As you probably know, there are two major types of insurance – term and permanent. Understanding the difference between the two and choosing the one that fits your needs is an important part of purchasing your policy. Like the name suggests, term life insurance is only good for a certain period of time, usually 10-30 years. A benefit is only paid out if the policy owner should die during the specified term. Term life insurance is typically the least expensive form of life insurance and the most widely used. While a term policy can be extended or renewed when it ends, the premiums are usually more expensive since the policy owner is now significantly older. Unlike permanent forms of life insurance, term policies have no cash value and can be viewed as insurance in the purest sense of the word
Permanent life insurance encompasses several types of Insurance, such as whole life and universal life insurance. While all forms of permanent life insurance generally follow the same principles, they differ greatly from term life insurance. Every type of permanent life insurance last for the insured individual’s entire life, as long as he or she continues paying their premiums. In addition, permanent life insurance provides a savings element into the equation, allowing the policy to build up a cash value. In most cases, the policy owner pays more into their policy than the premiums required. Over time, that money builds up and can eventually become a substantially larger benefit than those offered in term policies.
Insurance policies fall into many categories. Some of the parameters for classifying them include number of years, benefits covered, premium amount and other regulations which govern the policy. Life insurance policies may also vary from company to company. However the degree of variance is minimal and none of them will be contradictory to the principles of a life insurance contract. The two major classifications are permanent and term insurance.
Term Life Insurance: Term Life Insurance is a types of insurance policy whereby the insured pays a fixed sum for a period of time. This sum remains constant. The premium charged is very nominal. The Policy holders normally survive even after its expiry unless they are affected by fatal disease or injured in an accident. This policy does not cost much. Once the policy expires the insured is also at liberty to renew the same but he will have to pay the revised rates of premium. Such a change could sometimes be too high. This is one of the drawbacks of this policy. But for this factor, it is economical and highly recommended for the salaried youth and middle men. Whole term insurance policy is another classification in term life insurance. In a whole term insurance the insured pays the fixed amount throughout his life.

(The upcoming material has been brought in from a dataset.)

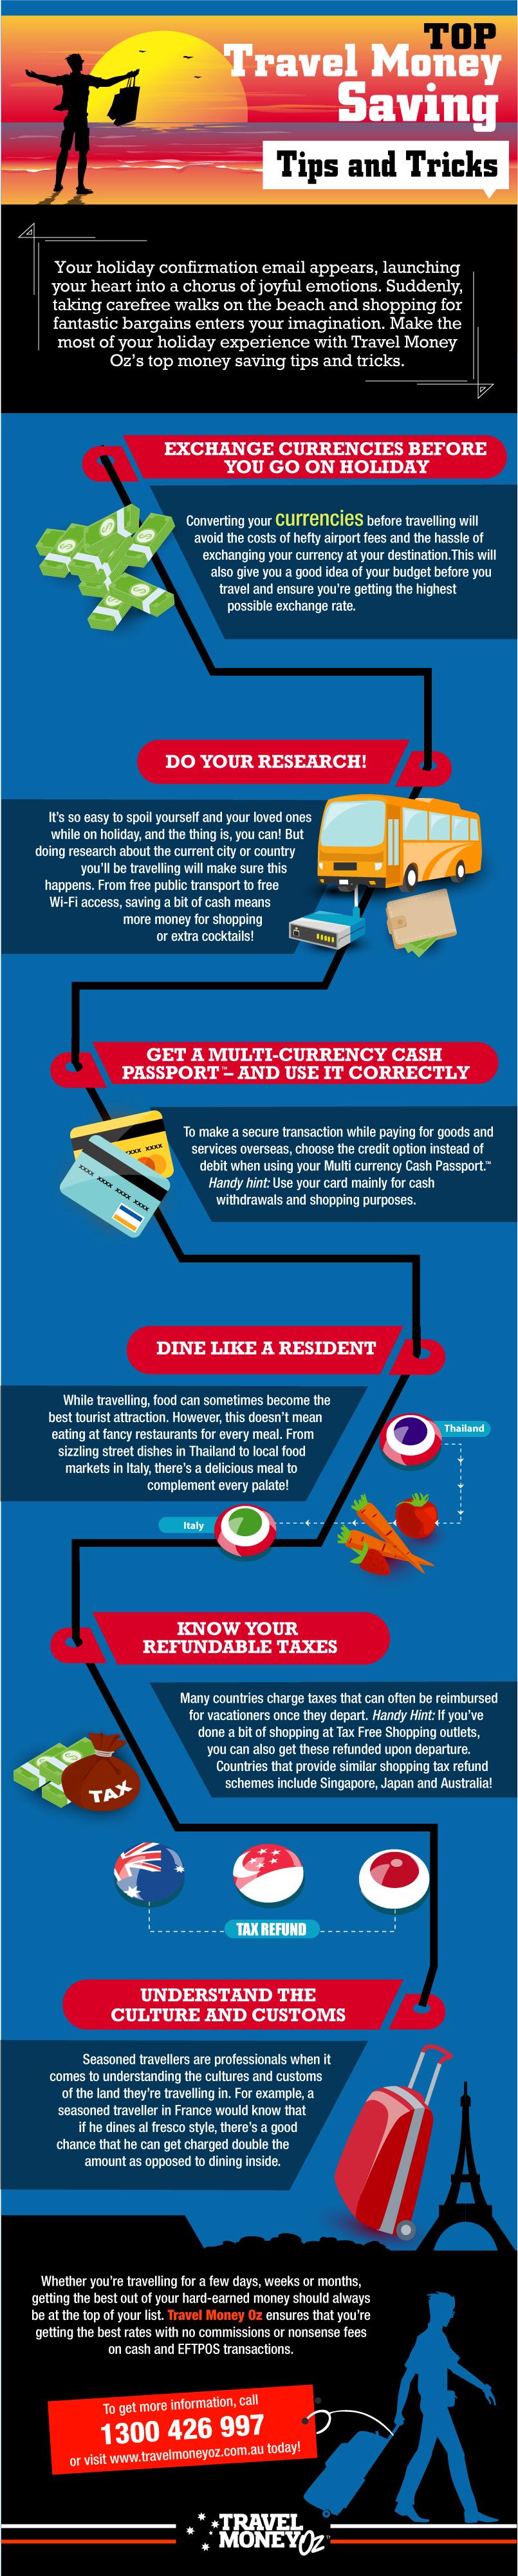 Top Travel Money Saving Tips and Tricks

Term insurance is usually a cheaper way of providing protection for your dependants should you die, with the monthly payments generally being a lot lower.
The policy guarantees to pay out a set amount if you die within a stated period of time (the 'term'), but doesn't pay out anything if you survive the term. The term could be, for example, the number of years left on your mortgage or the number of years until your children are financially independent.
Term insurance is sometimes called 'protection only' insurance.
Group Term Life Insurance This types of insurance is taken by the employer for his employees. The employer either pays the premiums from his kitty or by deducting the appropriate amount from the salary of individual employees. This policy provides lot of benefits but it cannot be relied solely to meet your insurance needs. This types of insurance is gaining significance in the developing countries.
Level term Life Insurance This types of insurance requires you to select a particular period and pay premiums for the selected period. The policy automatically matures on the attainment of the selected period. Once you select the term say 5 10 or 15 years you cannot revoke it. This types of insurance is ideal for those people who are not able to make long term financial plans.
Whole Life/Permanent Whole life or permanent insurance pays a death benefit whenever you die—even if you live to 100! There are three major types of whole life or permanent life insurance—traditional whole life, universal life, and variable universal life, and there are variations within each type.
In the case of traditional whole life, both the death benefit and the premium are designed to stay the same (level) throughout the life of the policy. The cost per $1,000 of benefit increases as the insured person ages, and it obviously gets very high when the insured lives to 80 and beyond. The insurance company could charge a premium that increases each year, but that would make it very hard for most people to afford life insurance at advanced ages. So the comapny keeps the premium level by charging a premium that, in the early years, is higher than what’s needed to pay claims, investing that money, and then using it to supplement the level premium to help pay the cost of life insurance for older people.
By law, when these “overpayments” reach a certain amount, they must be available to the policyowner as a cash value if he or she decides not to continue with the original plan. The cash value is an alternative, not an additional, benefit under the policy.
In the 1970s and 1980s, life insurance companies introduced two variations on the traditional whole life product—universal life insurance and variable universal life insurance.